Stored records

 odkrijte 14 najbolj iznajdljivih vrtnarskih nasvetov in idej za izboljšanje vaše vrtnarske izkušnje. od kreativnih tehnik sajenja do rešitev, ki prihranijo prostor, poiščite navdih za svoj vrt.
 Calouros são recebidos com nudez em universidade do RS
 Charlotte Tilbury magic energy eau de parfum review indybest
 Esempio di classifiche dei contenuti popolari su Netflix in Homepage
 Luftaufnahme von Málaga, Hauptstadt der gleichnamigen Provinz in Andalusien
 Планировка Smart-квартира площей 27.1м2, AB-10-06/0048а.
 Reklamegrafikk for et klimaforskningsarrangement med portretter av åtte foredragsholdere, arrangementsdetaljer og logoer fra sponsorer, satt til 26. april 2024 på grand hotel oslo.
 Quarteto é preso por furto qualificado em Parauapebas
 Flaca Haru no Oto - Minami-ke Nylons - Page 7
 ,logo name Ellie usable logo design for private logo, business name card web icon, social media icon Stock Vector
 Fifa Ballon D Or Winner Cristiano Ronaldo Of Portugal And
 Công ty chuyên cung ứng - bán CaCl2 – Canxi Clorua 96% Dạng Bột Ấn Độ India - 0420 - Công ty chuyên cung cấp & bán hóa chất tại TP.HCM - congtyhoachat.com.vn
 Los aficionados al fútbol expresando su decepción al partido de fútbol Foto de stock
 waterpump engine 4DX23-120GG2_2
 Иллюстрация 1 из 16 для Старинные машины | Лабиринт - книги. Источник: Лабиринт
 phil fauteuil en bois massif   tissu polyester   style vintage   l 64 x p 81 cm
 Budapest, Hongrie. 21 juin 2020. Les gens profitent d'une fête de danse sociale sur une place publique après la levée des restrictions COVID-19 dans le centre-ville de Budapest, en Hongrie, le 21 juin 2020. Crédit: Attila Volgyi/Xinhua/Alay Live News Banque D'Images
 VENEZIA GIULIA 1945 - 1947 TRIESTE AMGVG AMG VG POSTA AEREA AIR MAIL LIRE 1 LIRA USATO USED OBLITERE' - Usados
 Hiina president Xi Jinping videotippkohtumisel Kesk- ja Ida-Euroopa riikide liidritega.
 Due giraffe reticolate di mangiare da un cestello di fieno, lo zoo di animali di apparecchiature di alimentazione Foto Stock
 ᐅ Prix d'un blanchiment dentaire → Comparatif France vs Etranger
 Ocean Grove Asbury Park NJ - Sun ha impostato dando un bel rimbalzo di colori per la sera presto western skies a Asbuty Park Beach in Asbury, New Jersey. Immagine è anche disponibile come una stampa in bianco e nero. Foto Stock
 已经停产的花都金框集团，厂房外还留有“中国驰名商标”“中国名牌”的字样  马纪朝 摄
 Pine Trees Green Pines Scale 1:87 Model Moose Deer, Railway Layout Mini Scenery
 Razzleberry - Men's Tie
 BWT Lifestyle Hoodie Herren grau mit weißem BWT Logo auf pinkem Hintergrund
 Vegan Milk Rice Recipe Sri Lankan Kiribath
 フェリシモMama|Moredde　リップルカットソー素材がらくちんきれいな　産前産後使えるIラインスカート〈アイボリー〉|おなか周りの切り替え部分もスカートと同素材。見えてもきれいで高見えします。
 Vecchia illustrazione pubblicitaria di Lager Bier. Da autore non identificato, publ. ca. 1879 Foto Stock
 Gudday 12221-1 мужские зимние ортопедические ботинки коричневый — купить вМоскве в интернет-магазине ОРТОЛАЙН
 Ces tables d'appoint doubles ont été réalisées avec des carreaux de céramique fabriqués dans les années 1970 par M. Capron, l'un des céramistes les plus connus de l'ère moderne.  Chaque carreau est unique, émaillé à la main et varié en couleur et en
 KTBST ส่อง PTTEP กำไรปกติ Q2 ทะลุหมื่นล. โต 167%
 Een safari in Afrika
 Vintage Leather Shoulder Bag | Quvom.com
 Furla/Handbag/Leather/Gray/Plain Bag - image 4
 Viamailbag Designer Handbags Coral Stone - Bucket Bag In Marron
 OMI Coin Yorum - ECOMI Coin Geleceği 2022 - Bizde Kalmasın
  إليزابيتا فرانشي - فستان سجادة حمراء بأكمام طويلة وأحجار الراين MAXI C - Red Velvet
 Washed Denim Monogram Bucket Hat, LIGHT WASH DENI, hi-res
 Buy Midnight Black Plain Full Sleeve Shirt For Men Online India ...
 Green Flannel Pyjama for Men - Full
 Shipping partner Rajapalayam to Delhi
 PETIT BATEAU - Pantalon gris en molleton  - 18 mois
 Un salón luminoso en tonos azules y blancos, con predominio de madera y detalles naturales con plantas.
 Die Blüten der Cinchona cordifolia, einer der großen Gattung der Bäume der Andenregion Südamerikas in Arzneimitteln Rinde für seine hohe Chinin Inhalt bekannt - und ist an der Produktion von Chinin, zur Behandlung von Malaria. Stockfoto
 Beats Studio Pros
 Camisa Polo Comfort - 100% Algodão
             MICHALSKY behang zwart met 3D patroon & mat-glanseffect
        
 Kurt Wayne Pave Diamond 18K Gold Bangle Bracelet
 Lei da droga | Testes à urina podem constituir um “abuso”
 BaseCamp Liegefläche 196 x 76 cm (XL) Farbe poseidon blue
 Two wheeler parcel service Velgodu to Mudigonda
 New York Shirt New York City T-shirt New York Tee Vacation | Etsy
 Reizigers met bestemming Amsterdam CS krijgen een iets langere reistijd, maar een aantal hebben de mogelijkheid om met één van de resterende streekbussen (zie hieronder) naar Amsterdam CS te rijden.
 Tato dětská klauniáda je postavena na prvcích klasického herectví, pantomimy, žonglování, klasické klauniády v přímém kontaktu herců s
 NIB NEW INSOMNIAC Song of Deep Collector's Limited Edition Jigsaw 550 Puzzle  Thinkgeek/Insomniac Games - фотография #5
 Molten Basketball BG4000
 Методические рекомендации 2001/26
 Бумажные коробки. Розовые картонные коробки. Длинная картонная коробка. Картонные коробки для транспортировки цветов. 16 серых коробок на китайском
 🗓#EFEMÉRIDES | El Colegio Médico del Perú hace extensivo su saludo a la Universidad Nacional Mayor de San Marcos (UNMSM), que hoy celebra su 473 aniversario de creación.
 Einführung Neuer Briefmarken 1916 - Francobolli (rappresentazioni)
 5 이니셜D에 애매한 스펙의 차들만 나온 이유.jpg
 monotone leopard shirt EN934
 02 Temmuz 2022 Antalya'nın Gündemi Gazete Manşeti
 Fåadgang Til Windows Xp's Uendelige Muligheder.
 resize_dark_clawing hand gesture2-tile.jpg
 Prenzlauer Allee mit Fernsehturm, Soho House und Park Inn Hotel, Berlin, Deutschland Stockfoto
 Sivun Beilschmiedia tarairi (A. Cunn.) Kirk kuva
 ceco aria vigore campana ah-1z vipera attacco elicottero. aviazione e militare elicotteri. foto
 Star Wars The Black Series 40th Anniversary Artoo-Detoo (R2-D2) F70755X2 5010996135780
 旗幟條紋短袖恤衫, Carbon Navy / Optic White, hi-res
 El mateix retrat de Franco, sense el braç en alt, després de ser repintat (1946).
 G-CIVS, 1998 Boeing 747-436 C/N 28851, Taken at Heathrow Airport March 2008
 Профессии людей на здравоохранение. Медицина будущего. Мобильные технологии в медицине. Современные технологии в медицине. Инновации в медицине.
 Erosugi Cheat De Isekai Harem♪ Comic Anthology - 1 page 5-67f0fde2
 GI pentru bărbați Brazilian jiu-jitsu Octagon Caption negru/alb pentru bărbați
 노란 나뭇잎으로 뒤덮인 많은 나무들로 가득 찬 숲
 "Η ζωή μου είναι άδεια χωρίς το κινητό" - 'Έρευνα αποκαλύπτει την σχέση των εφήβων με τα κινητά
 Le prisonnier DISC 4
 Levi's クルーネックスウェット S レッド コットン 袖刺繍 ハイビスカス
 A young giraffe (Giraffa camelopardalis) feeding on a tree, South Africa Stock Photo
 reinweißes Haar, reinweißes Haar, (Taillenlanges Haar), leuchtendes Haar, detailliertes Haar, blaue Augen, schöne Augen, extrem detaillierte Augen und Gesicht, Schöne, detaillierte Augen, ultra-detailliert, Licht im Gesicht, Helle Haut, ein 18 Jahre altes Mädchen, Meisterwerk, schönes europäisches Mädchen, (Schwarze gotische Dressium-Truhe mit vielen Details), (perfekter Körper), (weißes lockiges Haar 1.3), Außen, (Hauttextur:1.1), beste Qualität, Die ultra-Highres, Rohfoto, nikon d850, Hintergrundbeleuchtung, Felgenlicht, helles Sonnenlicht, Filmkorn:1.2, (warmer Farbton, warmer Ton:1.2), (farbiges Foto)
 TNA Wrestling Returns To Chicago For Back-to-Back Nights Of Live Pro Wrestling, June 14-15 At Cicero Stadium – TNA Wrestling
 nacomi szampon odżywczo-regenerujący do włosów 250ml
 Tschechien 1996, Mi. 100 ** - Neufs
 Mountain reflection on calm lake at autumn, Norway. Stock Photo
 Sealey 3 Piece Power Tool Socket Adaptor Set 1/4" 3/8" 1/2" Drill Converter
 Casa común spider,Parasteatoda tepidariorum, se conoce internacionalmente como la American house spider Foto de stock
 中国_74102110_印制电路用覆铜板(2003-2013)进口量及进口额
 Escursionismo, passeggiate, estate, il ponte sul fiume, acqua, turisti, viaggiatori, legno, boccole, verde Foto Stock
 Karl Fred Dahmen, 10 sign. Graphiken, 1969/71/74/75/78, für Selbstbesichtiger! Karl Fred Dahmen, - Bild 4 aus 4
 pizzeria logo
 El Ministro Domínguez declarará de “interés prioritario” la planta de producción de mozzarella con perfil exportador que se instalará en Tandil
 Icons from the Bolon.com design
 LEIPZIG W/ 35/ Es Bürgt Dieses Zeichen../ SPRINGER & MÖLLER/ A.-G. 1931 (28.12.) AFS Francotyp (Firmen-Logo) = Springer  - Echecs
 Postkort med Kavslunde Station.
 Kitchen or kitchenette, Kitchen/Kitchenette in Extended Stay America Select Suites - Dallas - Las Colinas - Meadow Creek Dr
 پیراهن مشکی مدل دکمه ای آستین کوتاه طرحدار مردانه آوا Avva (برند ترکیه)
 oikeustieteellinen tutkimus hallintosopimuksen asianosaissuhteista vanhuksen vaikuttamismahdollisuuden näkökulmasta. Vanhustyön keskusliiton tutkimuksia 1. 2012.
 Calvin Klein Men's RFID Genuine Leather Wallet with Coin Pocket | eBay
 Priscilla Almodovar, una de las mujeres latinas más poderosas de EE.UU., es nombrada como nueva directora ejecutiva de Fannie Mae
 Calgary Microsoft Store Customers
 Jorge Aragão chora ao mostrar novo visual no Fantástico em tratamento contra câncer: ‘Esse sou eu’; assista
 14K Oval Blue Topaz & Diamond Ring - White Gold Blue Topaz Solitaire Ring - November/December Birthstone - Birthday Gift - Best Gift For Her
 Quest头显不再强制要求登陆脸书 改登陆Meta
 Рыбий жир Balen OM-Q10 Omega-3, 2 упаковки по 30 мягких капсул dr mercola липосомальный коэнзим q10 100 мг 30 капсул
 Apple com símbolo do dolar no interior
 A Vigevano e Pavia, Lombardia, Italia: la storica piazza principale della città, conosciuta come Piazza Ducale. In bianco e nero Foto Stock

REQUIRED ACTION: Each line of the data that includes "Full" counts once; say how many there are, giving nothing but the number.

RESULT OF THIS EXERCISE: 2